Fred B
Senior Member
- Location
- Upstate, NY
- Occupation
- Electrician
My thought too. Sounds that something related to the wet nitch not properly bonded.This sounds like elevated neutral to earth voltage on the utility primary, but even if that is the case, there should be no shocks occurring if everything is correctly bonded. With everything correctly bonded, the only voltage to drive a shock would be enough current flowing on the bonding system to create a voltage drop that results in a shock.
When you say lower resistance, in relation to what point? Is all the bonding tied to the GEC system? That could be a source of lower resistance if the nitch is tied both to the EP grid and the GEC while the rest is not. (Parallel paths changing the over all EPB).The short story is, the lighting niche has a lower resistance than the deck/water/handrails. The customer only felt electric shocks when swimming past the light. They did not feel any shock when entering/exiting the pool. I was only able to read 2v to ground, engineer said the day he came they read 7v to ground in the water around the light. This wasn't to the deck, but to plugged into an extension cord leading back to the house. Water to deck its 0v.

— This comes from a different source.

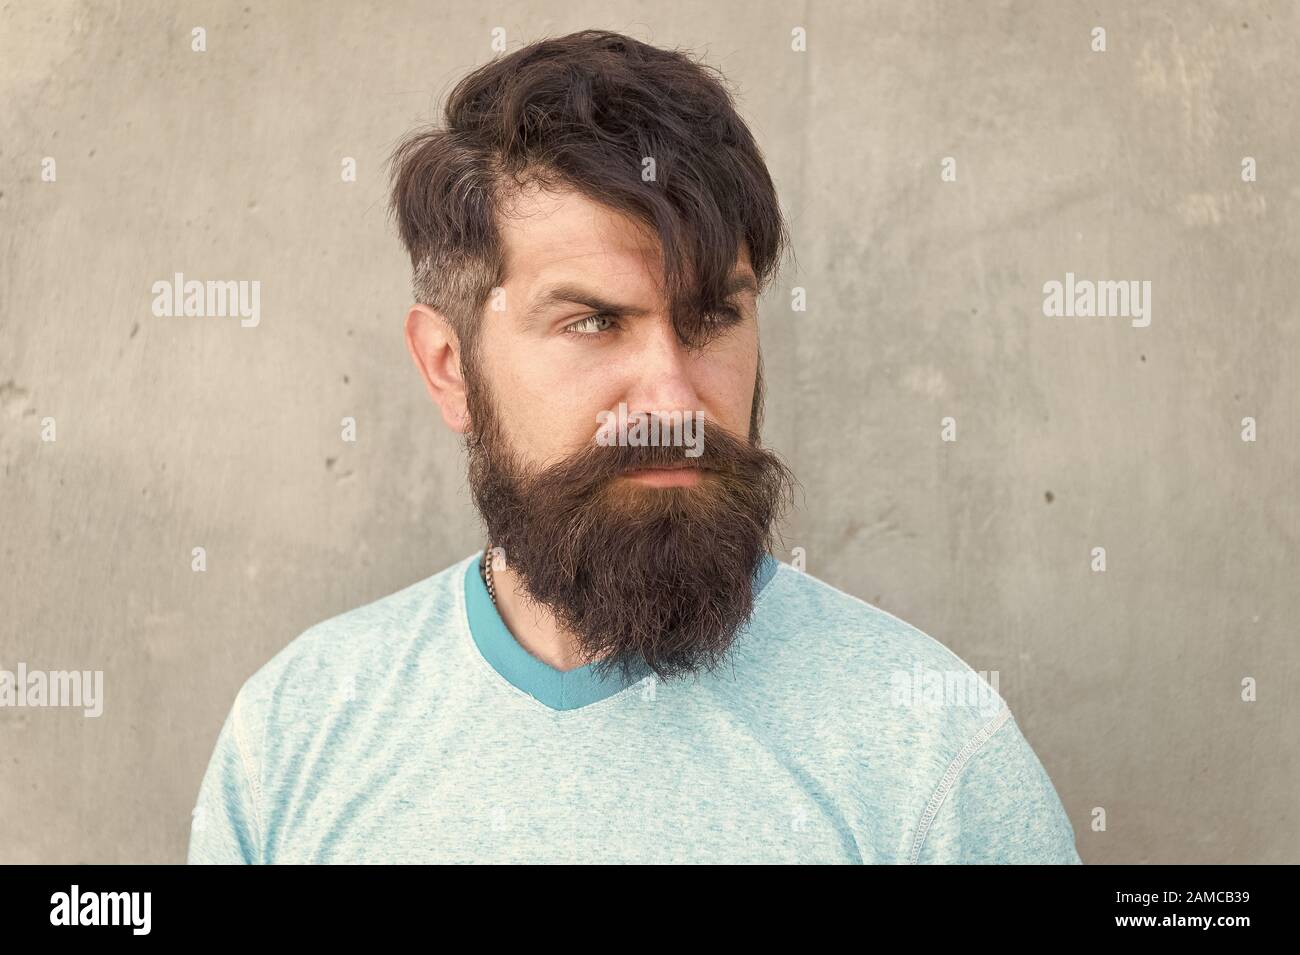 Hipster lifestyle. Brutal handsome mature hipster man. Bearded man trendy  style. Beard and mustache grooming. Long hair. Cut bangs. Cool hipster with  beard need haircut. Barber salon and facial care Stock Photo -

If POCO tested to the GEC what they shown was an overall 7V NEV, and the fact you measured only 2V, both possible as at any given moment NEV can change depending on a plethora of conditions. The parallel paths suggestion in combination with a higher NEV would backfeed via connection to the GEC adding the potential difference of 2 to 7V that you measured between the wet nitch and the water/deck bond.